Obstructing an officer

Holding:  Making false statements to a police officer investigating a crime goes beyond the good faith desire to defend against an accusation allowed under State v. Espinoza, 250 Wis. 2d 80.  D’s motion to dismiss an obstructing-an-officer charge was therefore properly denied because D knowingly and intentionally made false statements to an officer in order to deceive and mislead the police. 

Overview:  An officer found D in an intoxicated condition, sitting in the driver’s seat of a car parked alongside the highway.  D claimed that a friend, not D, had been driving.  D was arrested and his claim of another driver was found to be false.  D was charged with obstructing an officer, OWI, and driving with a PAC, third offense.  He moved to dismiss the obstructing-an-officer charge; the motion was denied, and D appeals. 

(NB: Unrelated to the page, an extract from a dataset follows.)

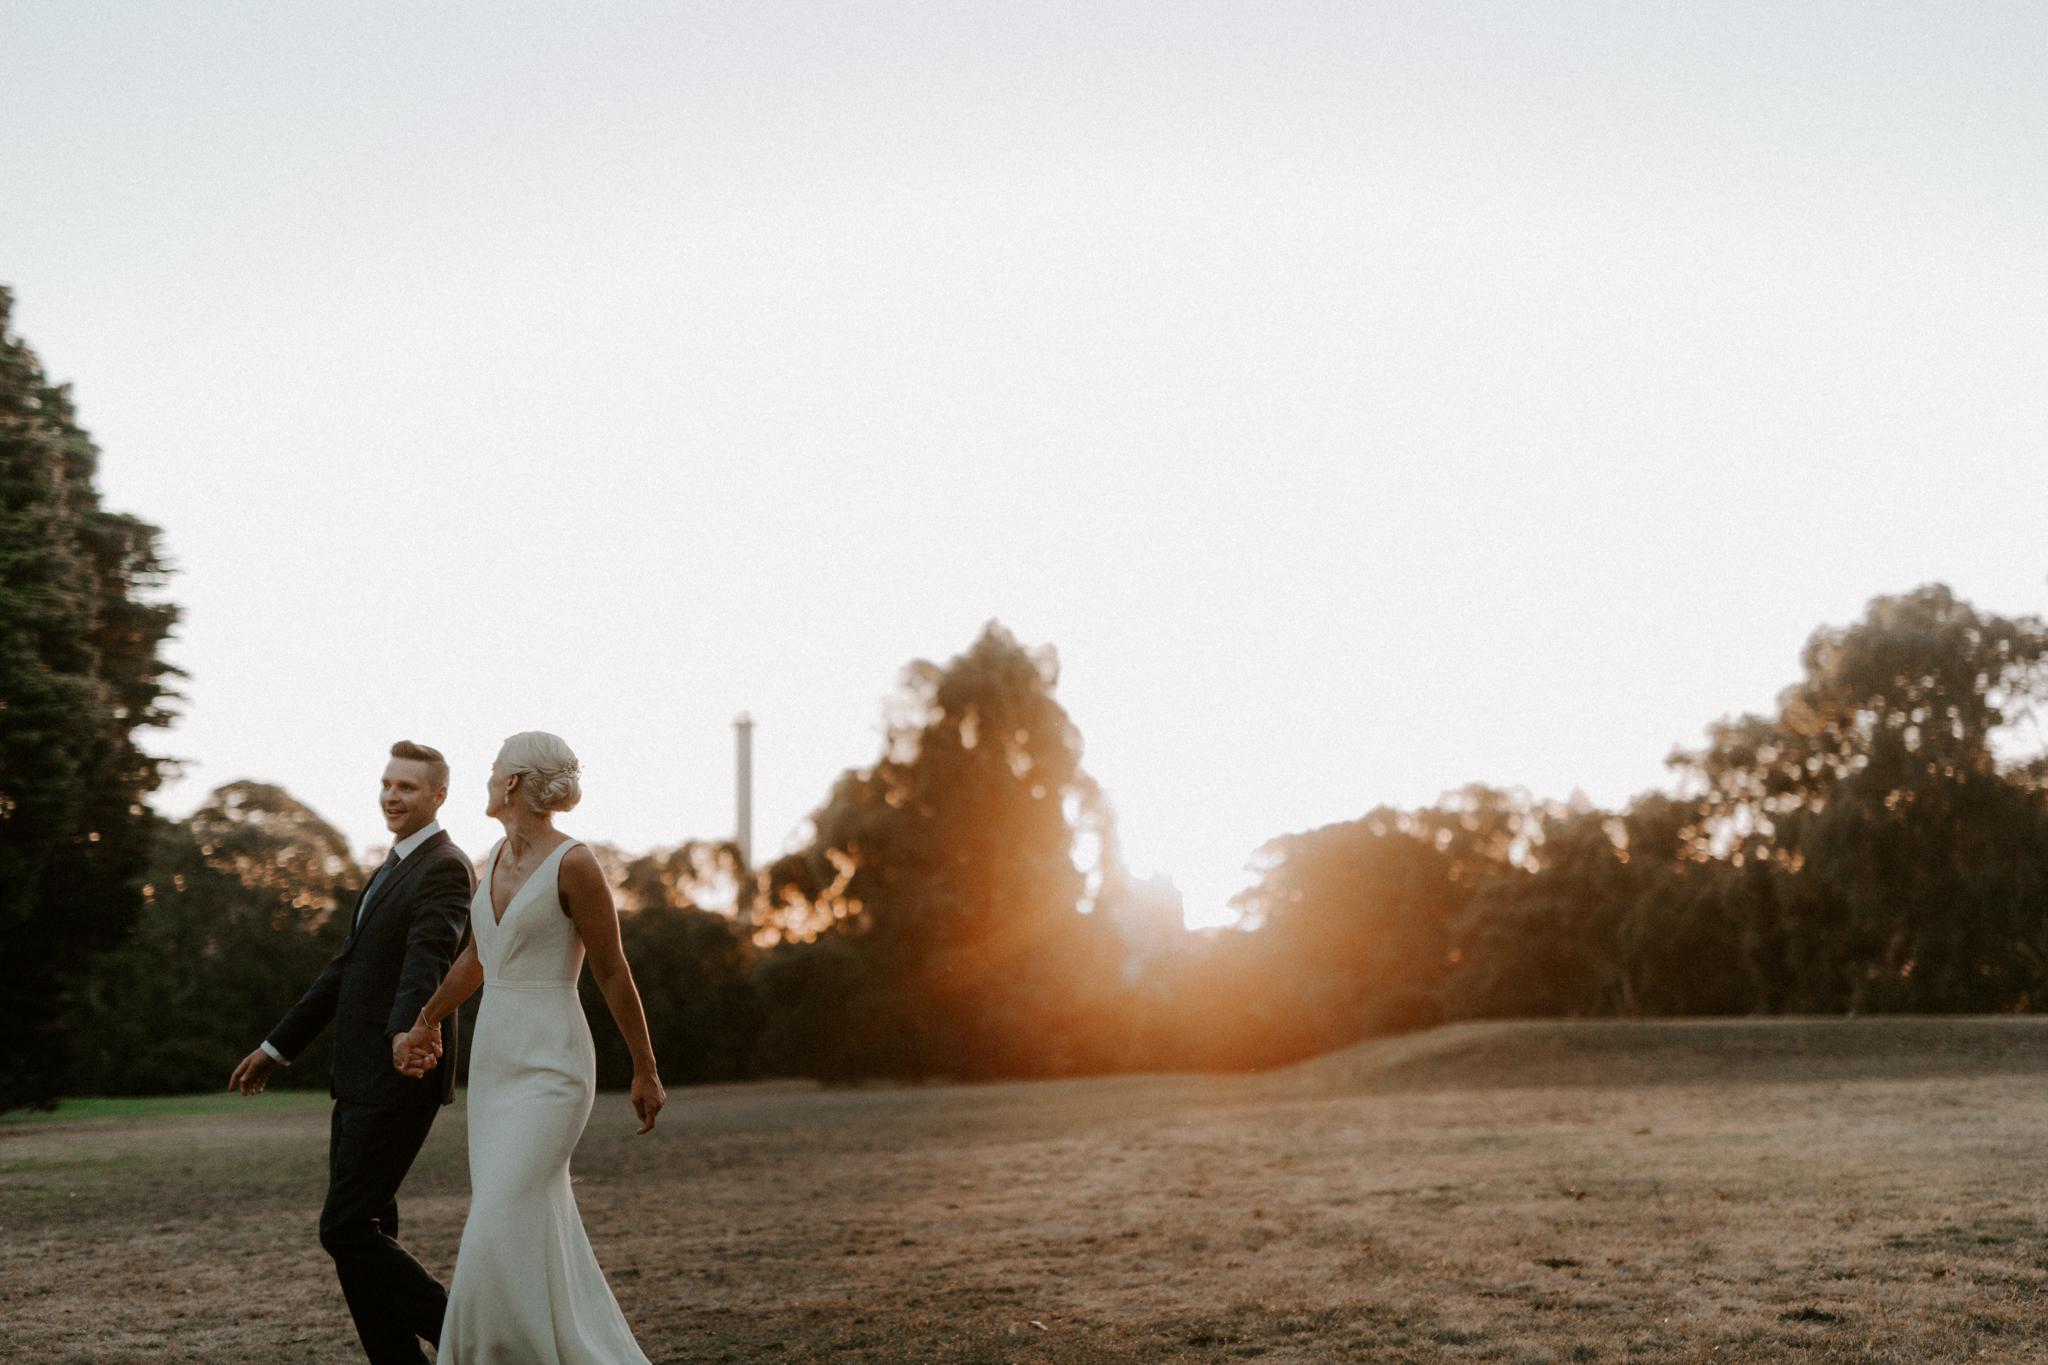 St-Kilda-Garden-Wedding-Emotions-and-Math-Photograph-241.jpg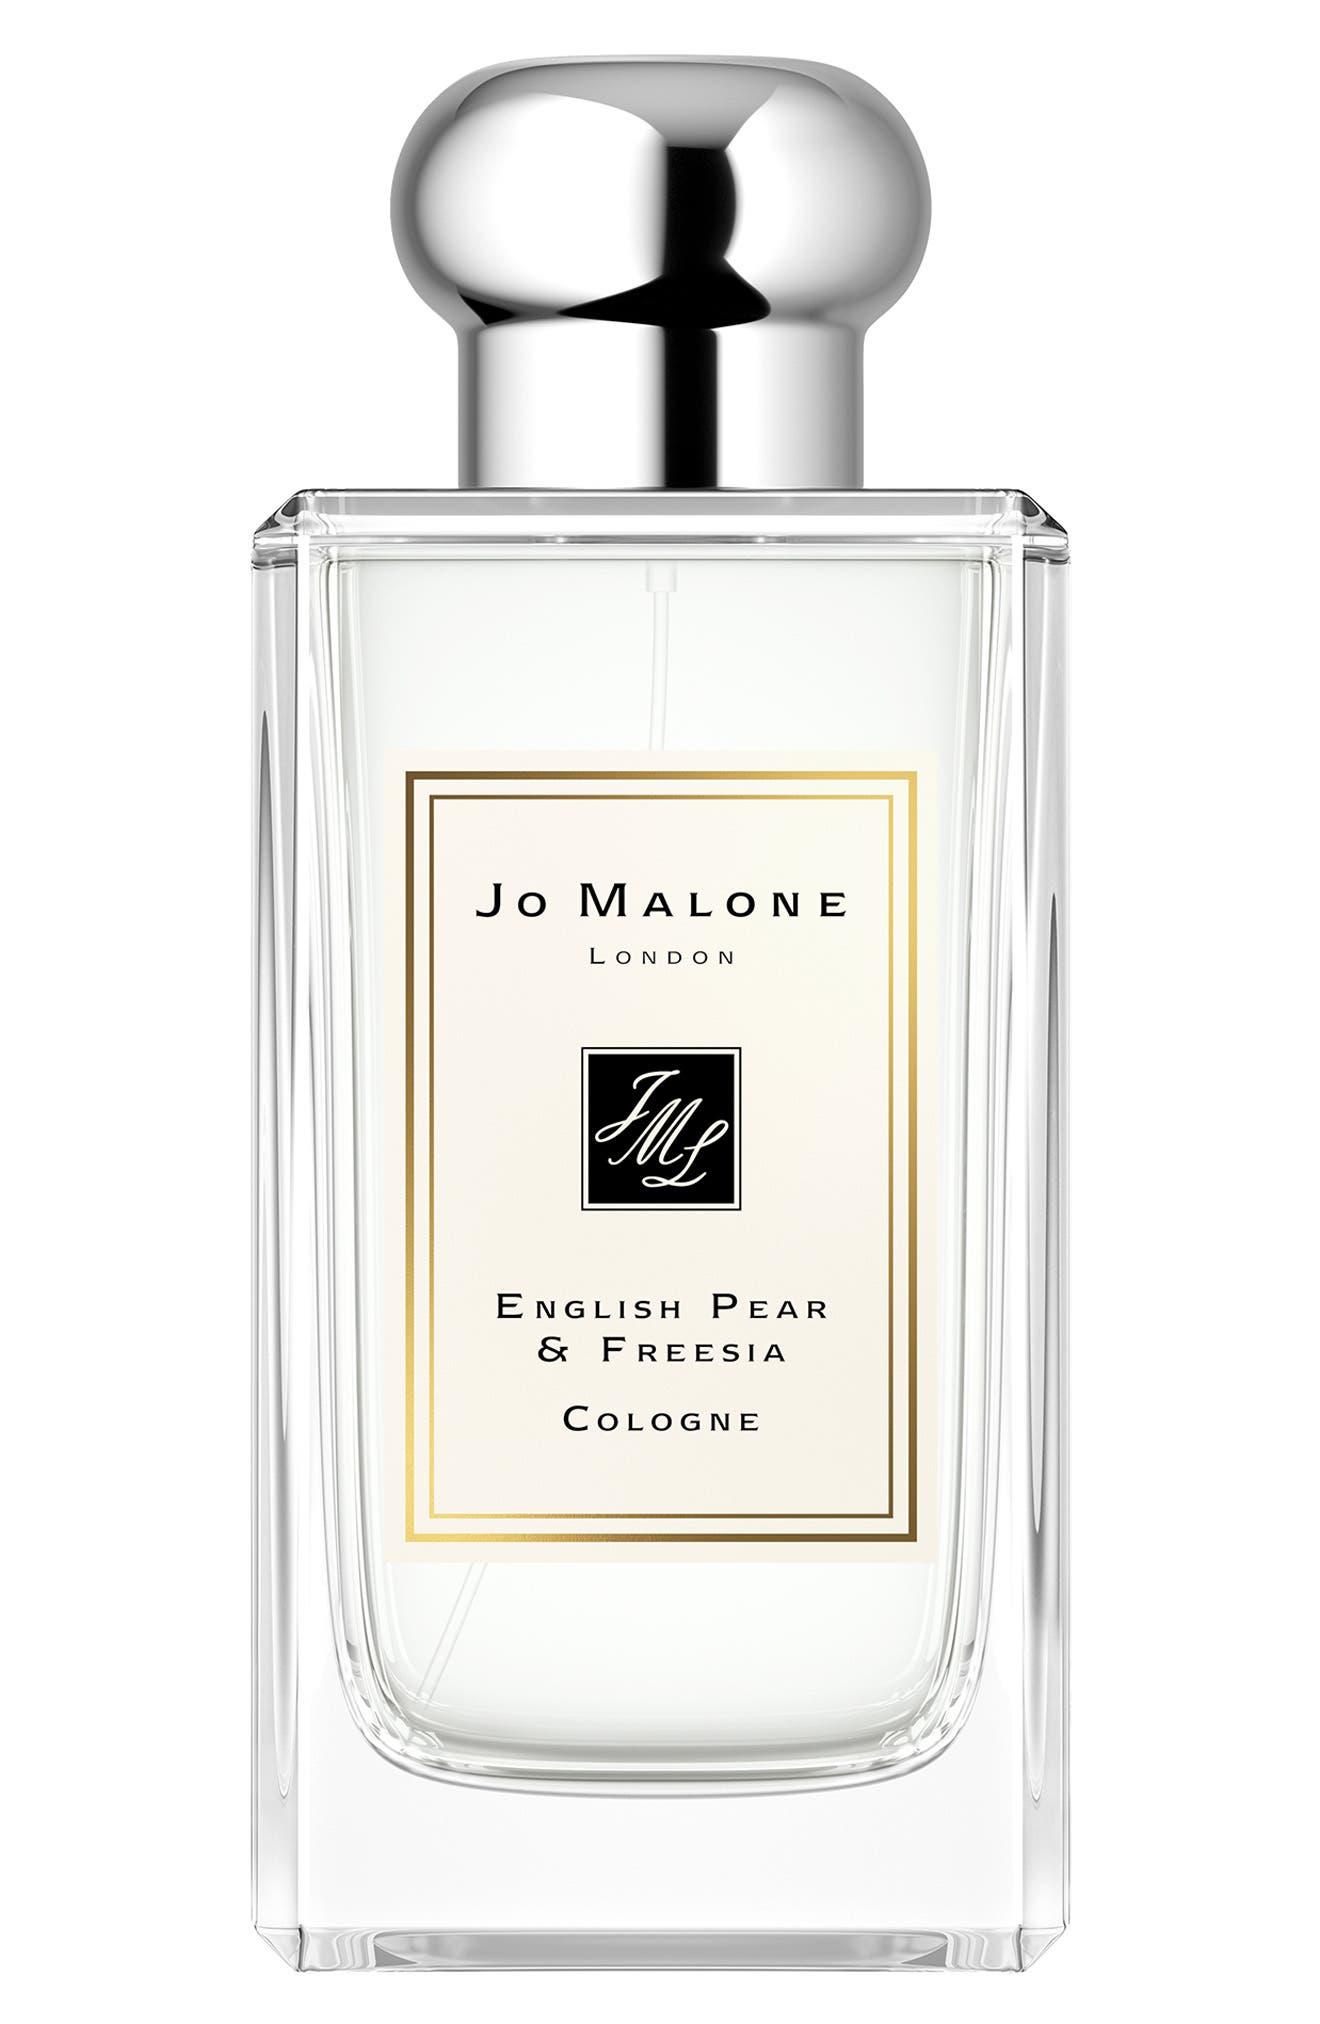 Jo Malone London(TM) English Pear & Freesia Cologne

Under Espinoza, a person’s denial of guilt when confronted by a police officer about an alleged crime cannot be a basis for an obstructing-an-officer charge.  Here, if D had merely denied driving while intoxicated, Espinoza would have protected him from an obstruction conviction.  However, D made more than a mere denial of his personal involvement in the crime; he provided the officer with false information relating to the crime, thus frustrating the police function, contrary to Wis. Stat. § 946.41 (2001-2002).  Identifying other people as possible suspects goes beyond the exculpatory denial exception to § 946.41. 

State v. Begicevic
2004 WI App 57, 270 Wis. 2d 676, 678 N.W.2d 293
 

February 4, 2004

03-1223-CR

Holding:  When dealing with suspected drunk drivers that do not speak English, an officer must make an attempt to find a translator in order to explain a suspects rights prior to submitting to a breath test or blood alcohol test.

Overview:  The defendant appealed a circuit court decision which convicted him of a second offense of operating a vehicle with a prohibited alcohol concentration.  An officer observed the defendant's vehicle stopped in the middle of an intersection and pulled over to investigate.  Upon initial contact with the defendant, the officer immediately noticed a strong odor of intoxicants and that the defendant's eyes were glassy and bloodshot.  The officer asked the defendnat to get out of his car so that she could administer the field sobriety tests.  The defendant asked the officer if she spoke German, but the officer felt she could administer the sobriety tests despite the language barier.  After having difficulty with performing the tests, the officer asked the defendant to submit to a PBT.  While at the station, an officer that spoke broken German attempted to communicate the situation to the defendant and tried to read the Informing the Accused form to the defendant.  Neither officers attempted to obtain an adequate interpreter.  The court of appeals felt that although the window for obtaining a sample from a defendant is a short one, it is unreasonable for the officer not to locate a translator when dealing with an individual that does not speak English.  The court remanded the case to the circuit court where the defendant could pursue an order prohibiting the automatic admissibility of the blood test results.